A Sunny Spring Day On William Street, The Burg



A Sunny Spring Day On William Street, The Burg
This is William Street as it passes Anderson Street
along the way to Liberty Street. You can see Franklin
School in the background:)

4 comments:

Anonymous said...

Go three blocks, make a right and a quick left. The shop has limited hours but the quality of the repair will be excellent I can assure you.

Frank's Shoe Shop was run by my Grandfather at 539 William Street in the late 1930's and 1940's.

Frank Krwywonos rented that place from a Mrs. Ende and paid a princely sum of $11 a month.

I was going through some old registrations for Indian Motorcycles that my uncles owned back from the 20's and 30's and the receipts were among them.

Early in the 1900's he tried a shop on Albany Street in New Brunswick then a farm in Robbinsville that folded before the depression.

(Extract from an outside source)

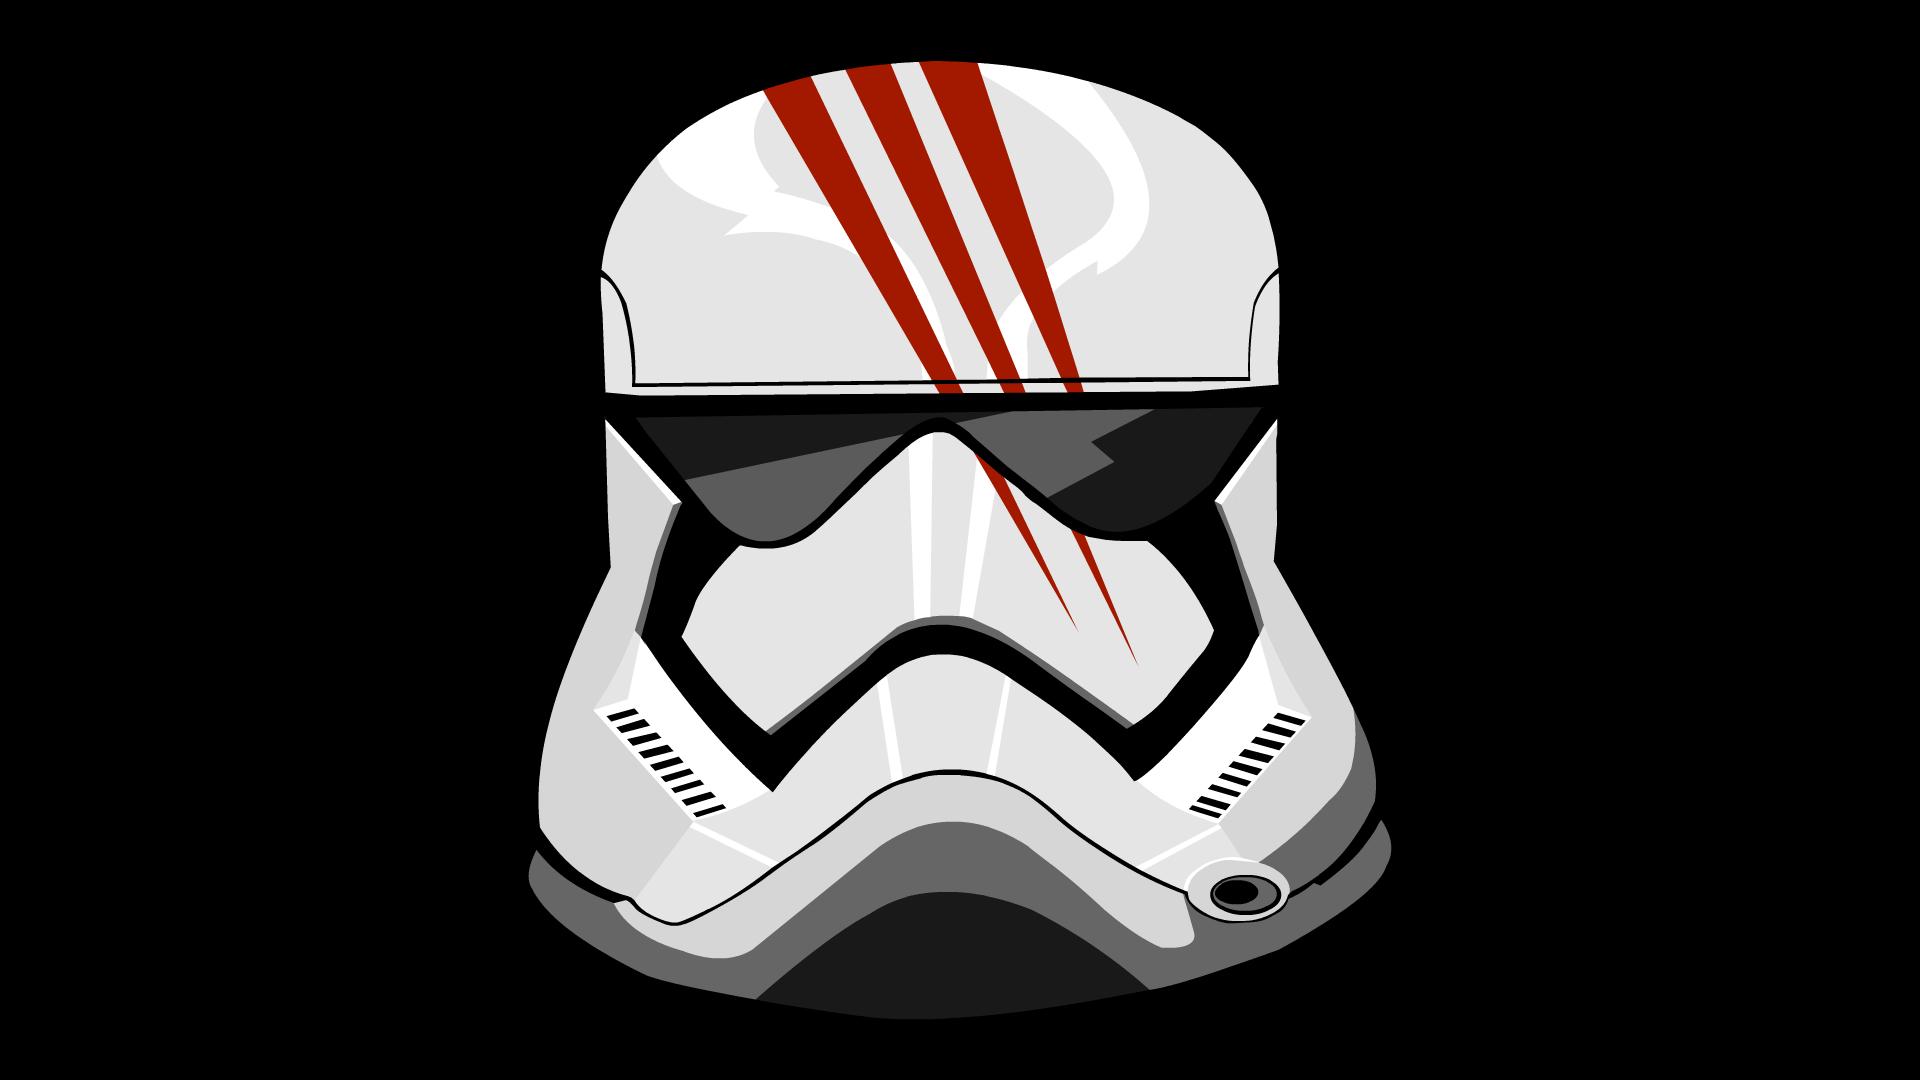 Star Wars Episode VII The Force Awakens Wallpaper 076

I understand with a large family he worked three jobs. Labor at Whitehead Rubber, the shoe shop and to relax he was a watchman at Kramers on Olden. He never drove and walked between them. He was quite a man and died a few days short of 102.

Skip

Ralph Lucarella said...

HI MAC....JUST GOT BACK FROM FLORIDA WHERE WE CELEBRATED MY 91ST BIRTHDAY. WE LIVED ON WILLIAM ST. A SHORT TIME WHILE I WAS WORKING AT THE POST OFFICE. I HOPE I CAN MATCH SKIP'S GRANDFATHER AND LAST AS LONG BUT I'M HOLDING ON. THE WEATHER IN FLORIDA WAS HOTTER THAN I CAN REMEMBER BUT I GOT THE CHANCE TO VISIT MOST OF MY FAMILY. THEY ALL FOLLOW YOUR SITE AND LOVE IT. BEST REGARDS.

Mack said...

Hi Skip. That shop would be very
near to Franklin Park back in the
day. What a nice area this was:)

Happy Birthday Ralph:))

Anonymous said...

Happy Birthday Ralph! I take it that you are the elder of this tribe and, wish you many more.

Pop's secrets for old age.

Never eat fresh bread.

Eat what you want but work hard and lord he did. To cut a bit of fat from meat was a sin and there was never a crumb on his plate.

Breakfast?

Italian wine of the least expensive and bitterest variety you can find. The glass was a bit bigger than a shot glass.

Atop a slice of rye that had been aged for a few days went some mustard and horseradish. One clove of fresh garlic would be carefully sliced with a tiny but razor deadly pen knife and distributed over the mustard and horseradish.

He said that eating fresh bread would kill you early and had something to do with the mold or yeast in the rye. There is some truth in this and I think it has to do with "ergot" a deadly fungus?

The rest of his meals were all regular stuff but he swore by that breakfast.